About somethings like `pyg.data.separate.separate`

e-yi · March 26, 2024, 1:55pm

Currently, there are basically two methods to store numerous small graphs in a dataset with DGL. The first method is to store the graph structure and constructing a DGLGraph only in the dataset.__get_item__ method (e.g. QM9Dataset). The second method stores the graphs as a list within a member variable of the Dataset (e.g. ZINCDataset). The first method can be cumbersome, while the second may encounter memory issues. With something like separate, it will be possible to store a list of graphs as a batched graph and retrieve any of these graphs from the batched graph in a dataset without needing to unbatch it.

github.com

pyg-team/pytorch_geometric/blob/c75c7192f8048f90c8150d071a86a051d5cbb4f5/torch_geometric/data/in_memory_dataset.py#L111

      
        
            def get(self, idx: int) -> BaseData:
                # TODO (matthias) Avoid unnecessary copy here.
                if self.len() == 1:
                    return copy.copy(self._data)
            
            
    if not hasattr(self, '_data_list') or self._data_list is None:
                    self._data_list = self.len() * [None]
                elif self._data_list[idx] is not None:
                    return copy.copy(self._data_list[idx])
            
            
    data = separate(
                    cls=self._data.__class__,
                    batch=self._data,
                    idx=idx,
                    slice_dict=self.slices,
                    decrement=False,
                )
            
            
    self._data_list[idx] = copy.copy(data)
            
            
    return data

BarclayII · April 10, 2024, 12:53pm

Does dgl.slice_batch work for you?

e-yi · April 17, 2024, 3:21pm

Thanks, it may work. By the way, may I ask what prevents DGL from supporting the saving and loading of batched graphs? It would simply be much faster.
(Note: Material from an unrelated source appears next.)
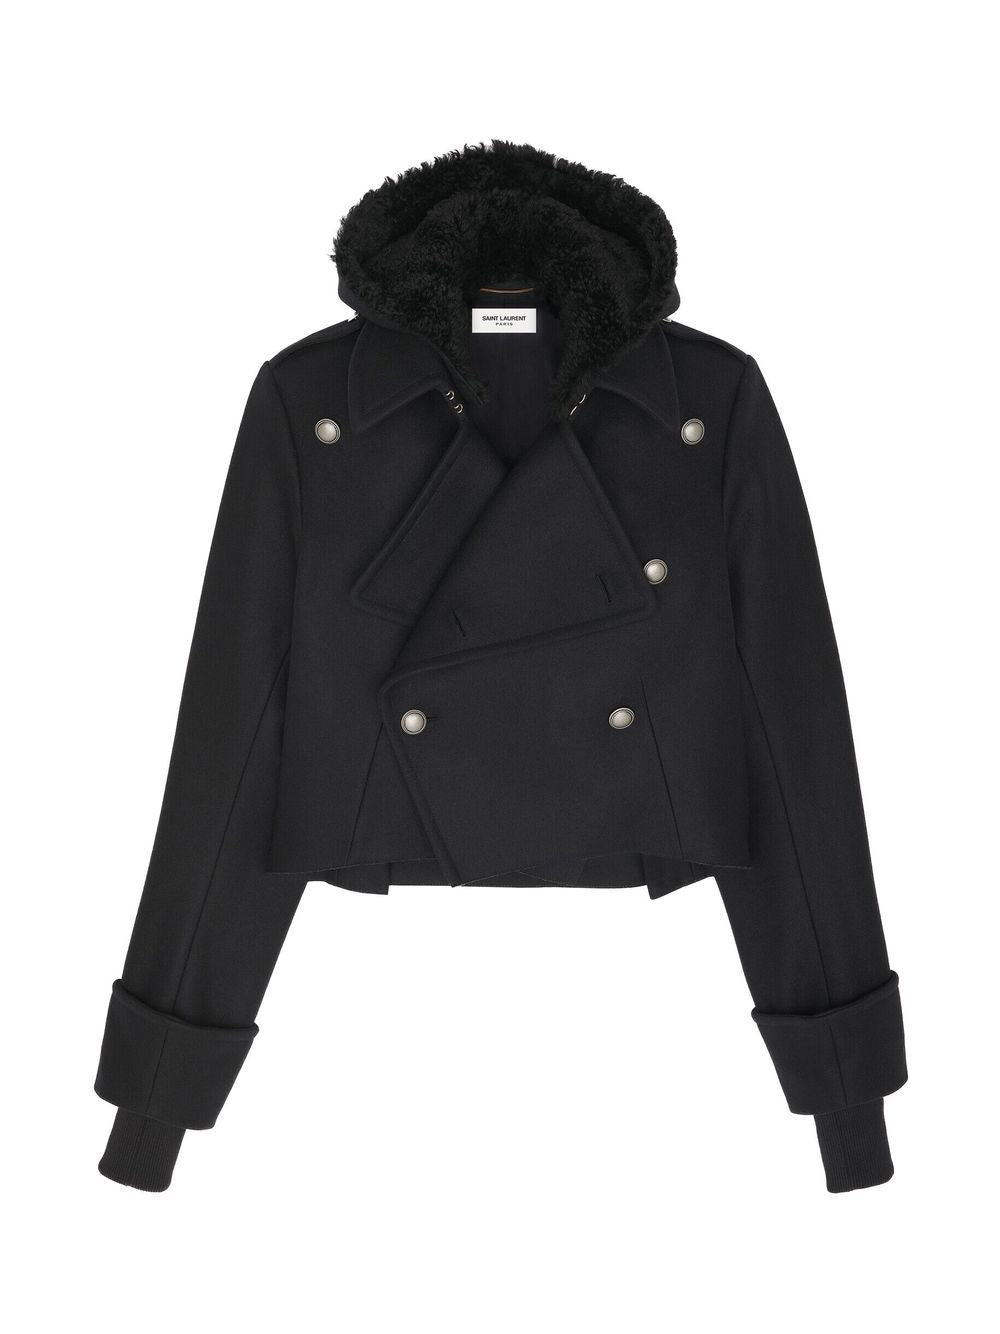 SAINT LAURENT Classic Black Wool and Silk Detachable Hood Jacket for Women

Rhett-Ying · April 18, 2024, 2:26am

Batched graph is a list of DGLGraphs and you may save them with dgl.save_graphs() together with additional info?

e-yi · April 18, 2024, 2:38am

I mean saving batched_graphs=dgl.batch(graphs) and preserving the information for unbatching after loading. See Any example for save/load single graph and batched graph? · Issue #936 · dmlc/dgl · GitHub.

Rhett-Ying · April 18, 2024, 2:53am

No such native support for batched graph for now. If you really want it, please file a feature request in DGL repo.

system · May 18, 2024, 2:54am

This topic was automatically closed 30 days after the last reply. New replies are no longer allowed.